Девятнадцатый век не закончился внезапно в августе 1914 года, перед Верденом в 1916 году или с приездом Ленина на Финляндский вокзал в Петрограде в апреле 1917 года. История - это не театр, где занавес падает внезапно. Однако осенью 1918 г. было широко отмечено, что "мир вчерашнего дня" (так называются важные мемуары австрийского писателя Стефана Цвейга, посмертно опубликованные в 1942 г.) канул в Лету. В Европе одни ностальгировали по нему, другие видели возможность нового начала за пределами разочаровавшей их "прекрасной эпохи". Президент США Вудро Вильсон и его сторонники по всему миру надеялись, что наконец-то преодолели дискредитировавшее себя прошлое. Двадцатые годы стали десятилетием глобальной переориентации, периодом петли между веками, по крайней мере, в политическом смысле.
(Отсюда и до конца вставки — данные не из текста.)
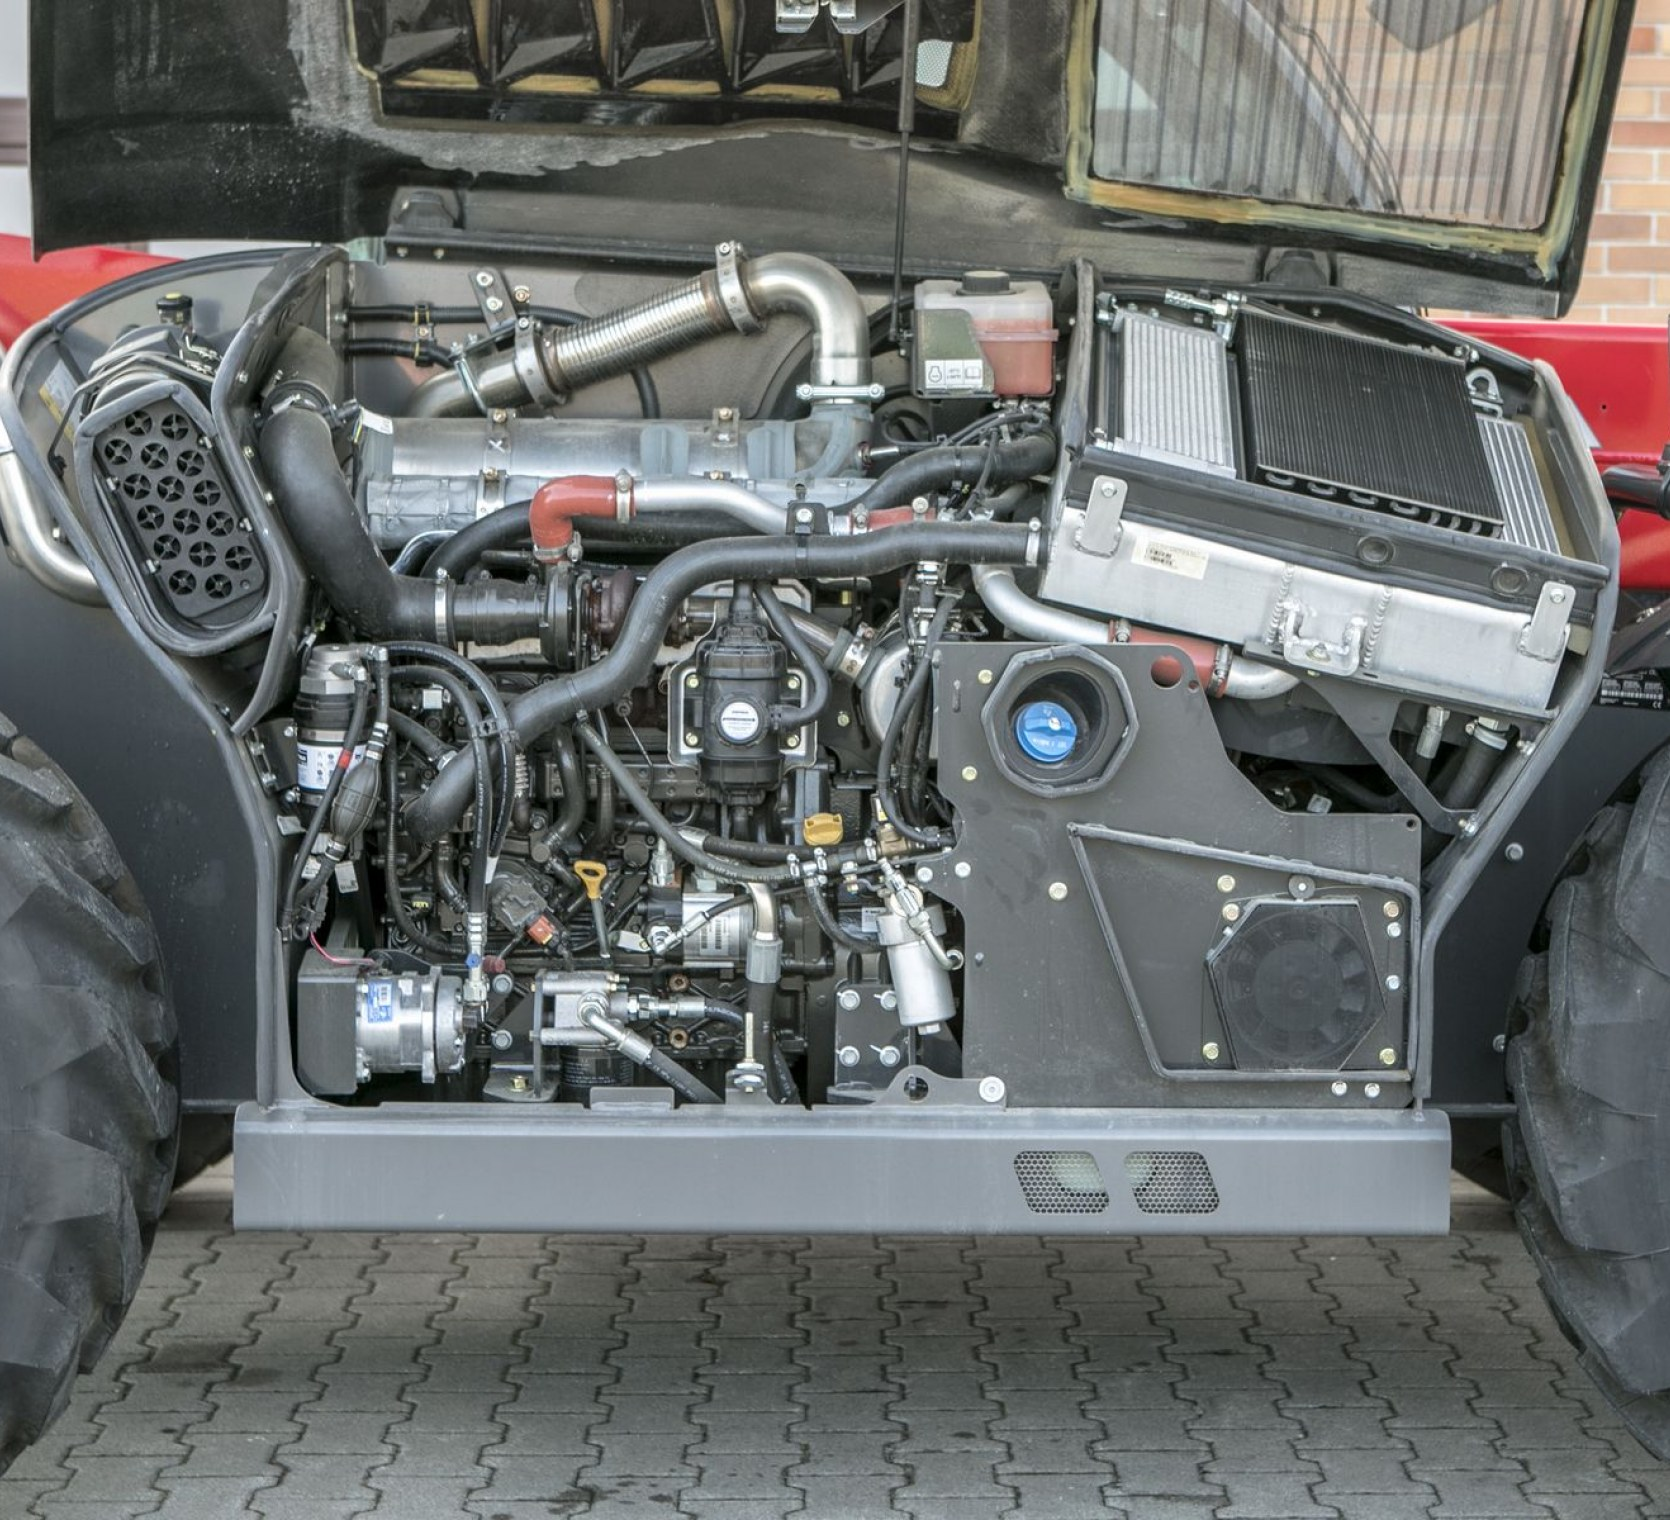 Silnik o mocy 130 KM Tier 4F ładowarki MF model TH 6534 korbanek.pl
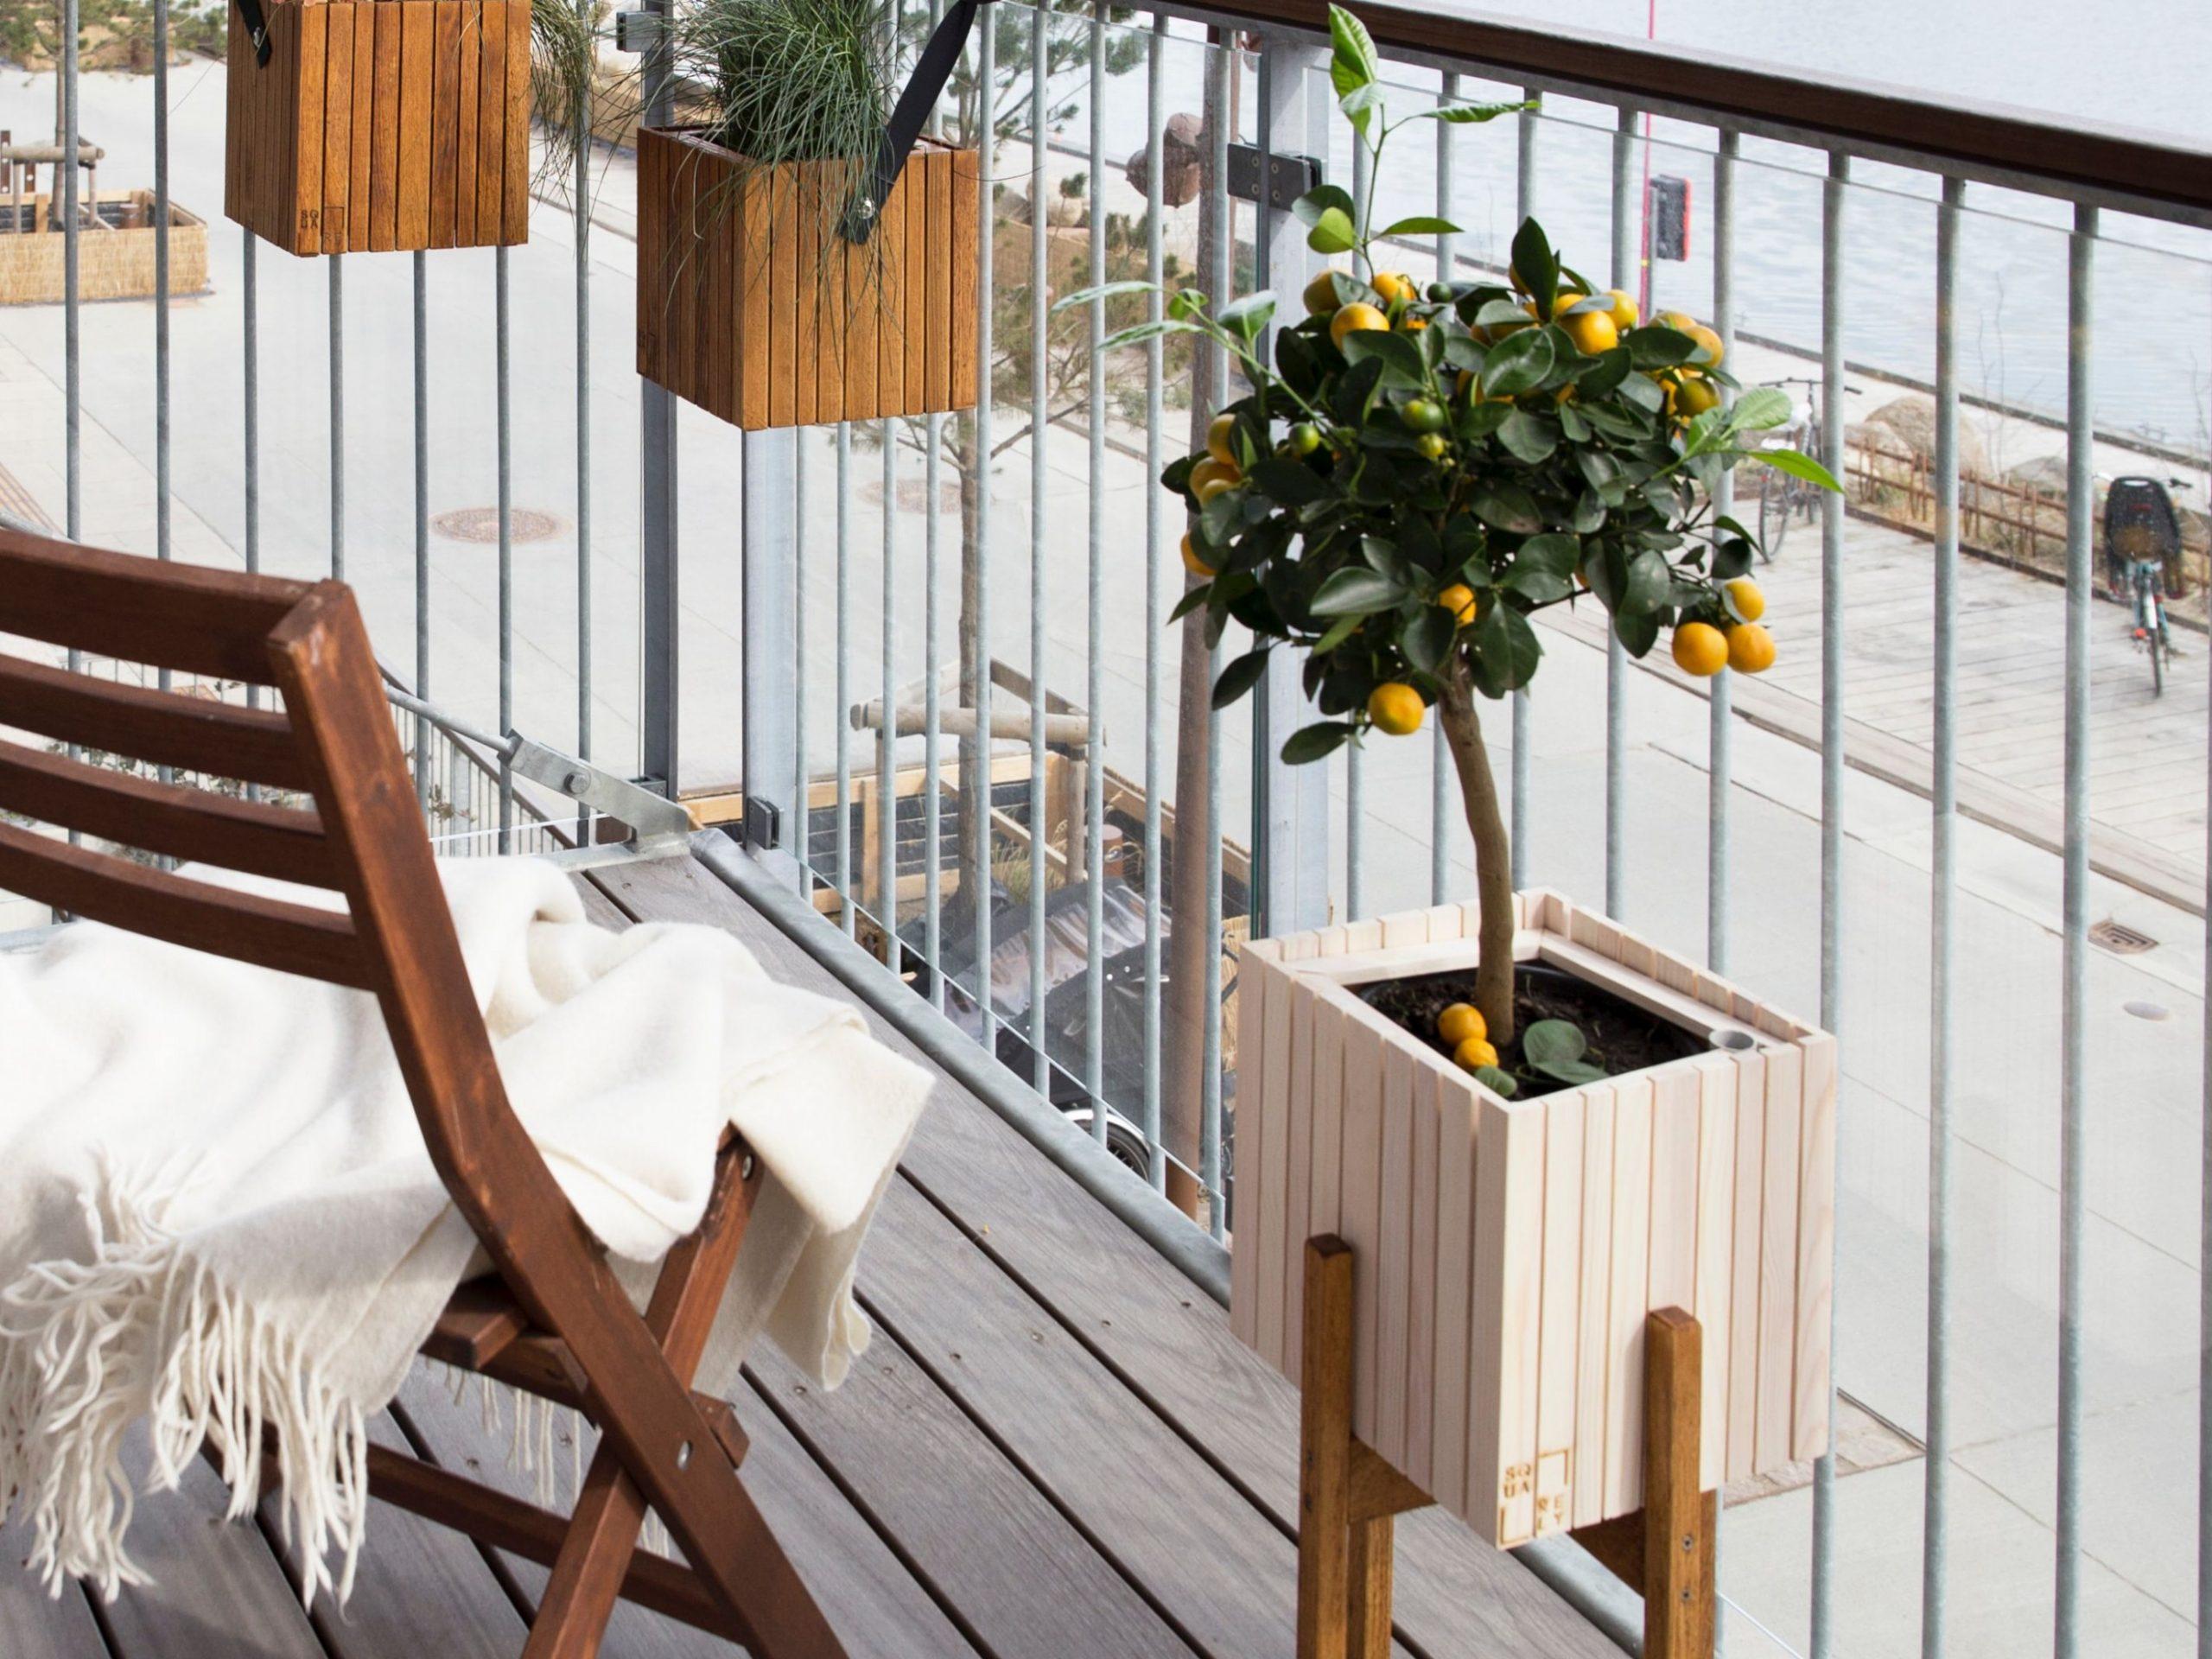 12 Ways to Maximize Your Small Balcony Space - Balcony Ideas For Apartments

В экономическом плане они оказались прелюдией к Великой депрессии, кризису более глобальному, чем мировая война. В культурном плане они продлили в Европе художественный авангард предвоенного периода, а в других странах ознаменовали начало чего-то нового в эстетическом плане. Насколько полезно для исторического понимания апострофировать годы между 1914 и 1945 гг. как "вторую Тридцатилетнюю войну", остается неясным. Во всяком случае, такая аналогия может быть применима только к Европе.

Давайте попробуем пойти другим путем. В период с 1918 по 1945 год в мире было найдено необычайно мало конструктивных и долговременных решений. Первая мировая война выявила многие проблемы XIX века, а межвоенный период не дал достаточных ответов на те, которые еще сохранялись. Многие вопросы, возникшие в XIX веке, сохранили свою остроту и после 1945 года. Тенденции перешли из конца XIX в конец XX века. Во второй послевоенный период была предпринята попытка перезагрузки - не всегда удачная, но в целом более успешная, чем в первый. Некоторые из пожилых мужчин и женщин, искавших новые ориентиры после 1945 года, родились и социализировались в XIX веке. Многие из них уже пользовались политическим влиянием или, по крайней мере, приобрели политический опыт в 1919 году или сразу после него: например, Уинстон Черчилль, Конрад Аденауэр, Джон Фостер Даллес, Иосиф Сталин, Ёсида Сигеру, Мао Цзэдун. Другие, такие как Джон Мейнард Кейнс и Жан Монне, активно работали в качестве советников. Великие философы, ученые, инженеры, писатели, композиторы, художники и архитекторы, оставившие свой след в эпохе до 1914 года , продолжали свои труды. Девятнадцатый век подготовил почву для катастроф 1914 года, философ Ханна Арендт и другие считают его ответственным за них. Но другие традиции, которые были готовы после 1945 года (например, либерализм, пацифизм, профсоюзный или демократический социализм), не были полностью испорчены или обветшали. В ретроспективе 1950 года 1910 год, когда, по выражению Вирджинии Вульф, изменился характер человека, казался бесконечно далеким. Однако во многих отношениях он был ближе, чем ужасы последней войны.